Further diversification for Berkshire followed, and gradually the textile operation’s depressing effect on our overall return diminished as the business became a progressively smaller portion of the corporation. We remained in the business for reasons that I stated in the 1978 annual report (and summarized at other times also): “(1) our textile businesses are very important employers in their communities, (2) management has been straightforward in reporting on problems and energetic in attacking them, (3) labor has been cooperative and understanding in facing our common problems, and (4) the business should average modest cash returns relative to investment.” I further said, “As long as these conditions prevail - and we expect that they will - we intend to continue to support our textile business despite more attractive alternative uses for capital.”

此后,伯克希尔进一步推进多元化发展。

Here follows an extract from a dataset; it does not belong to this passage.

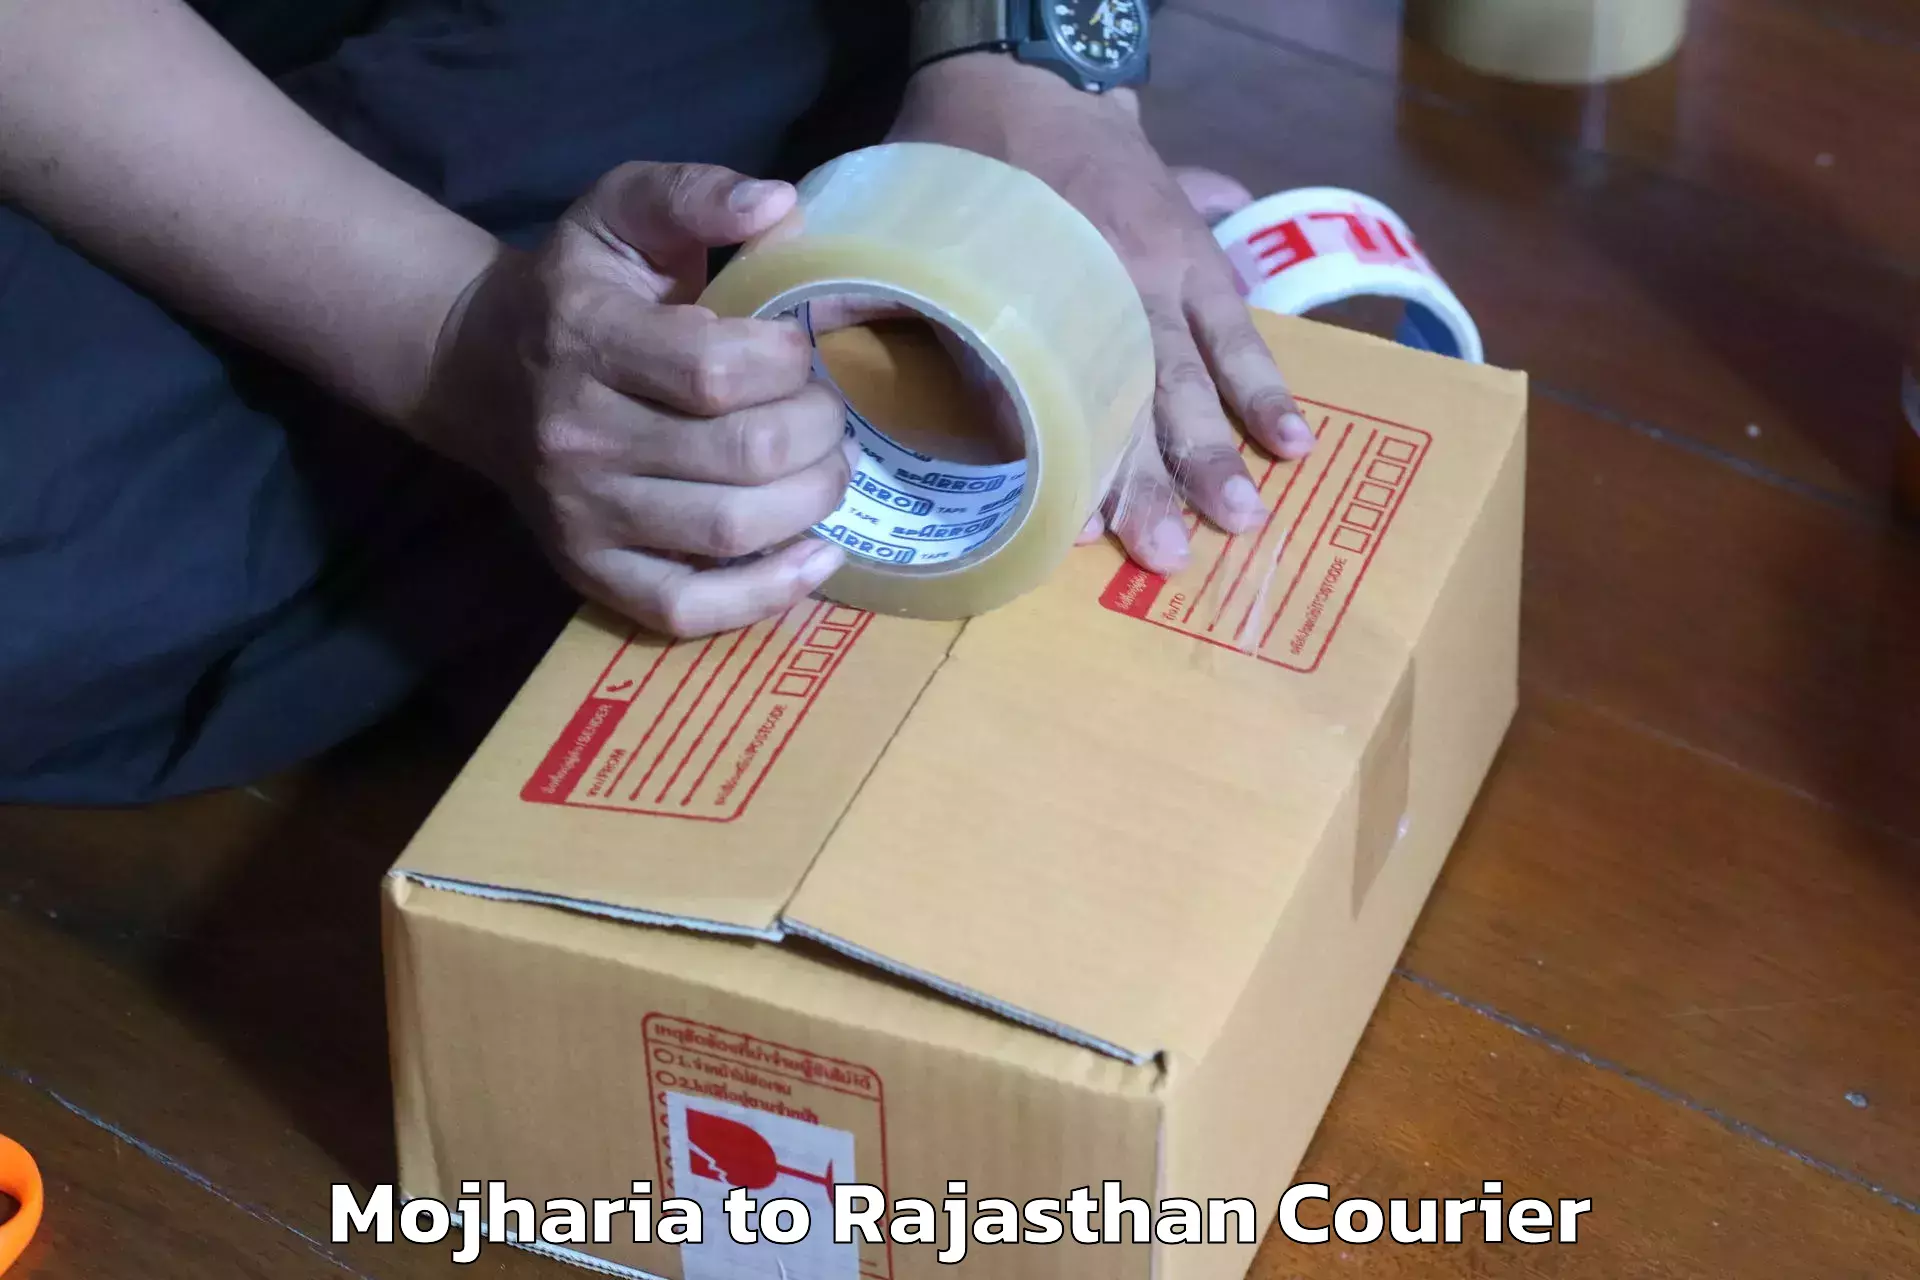 Professional movers Mojharia to Jodhpur

随着纺织业务在公司整体业务中的占比逐渐下降,其对公司整体回报率的拖累效应也逐步减弱。我们选择继续保留该业务,原因正如我在1978年年报中所阐述的(之后也多次总结):“(1)我们的纺织业务是其所在社区的重要雇主;(2)管理层在汇报问题时坦诚直率,解决问题时积极主动;(3)员工在共同面对问题时表现出合作精神与理解态度;(4)该业务的投资应能带来适度的平均现金回报。”我还进一步表示:“只要这些条件持续存在——我们也预期会如此——即便有更具吸引力的资本替代用途,我们仍打算继续支持纺织业务。”


It turned out that I was very wrong about (4). Though 1979 was moderately profitable, the business thereafter consumed major amounts of cash. By mid-1985 it became clear, even to me, that this condition was almost sure to continue. Could we have found a buyer who would continue operations, I would have certainly preferred to sell the business rather than liquidate it, even if that meant somewhat lower proceeds for us. But the economics that were finally obvious to me were also obvious to others, and interest was nil.

事实证明,我对第(4)点的判断大错特错。尽管1979年纺织业务实现了一定盈利,但此后该业务开始大量消耗现金。到1985年年中,即便对我而言,也很清楚这种状况几乎必然会持续。如果当时能找到愿意继续运营该业务的买家,我肯定更倾向于出售而非清算,即便这意味着我们的收益会有所减少。但最终对我而言显而易见的经济现实,对其他人也同样明显,因此无人有收购意愿。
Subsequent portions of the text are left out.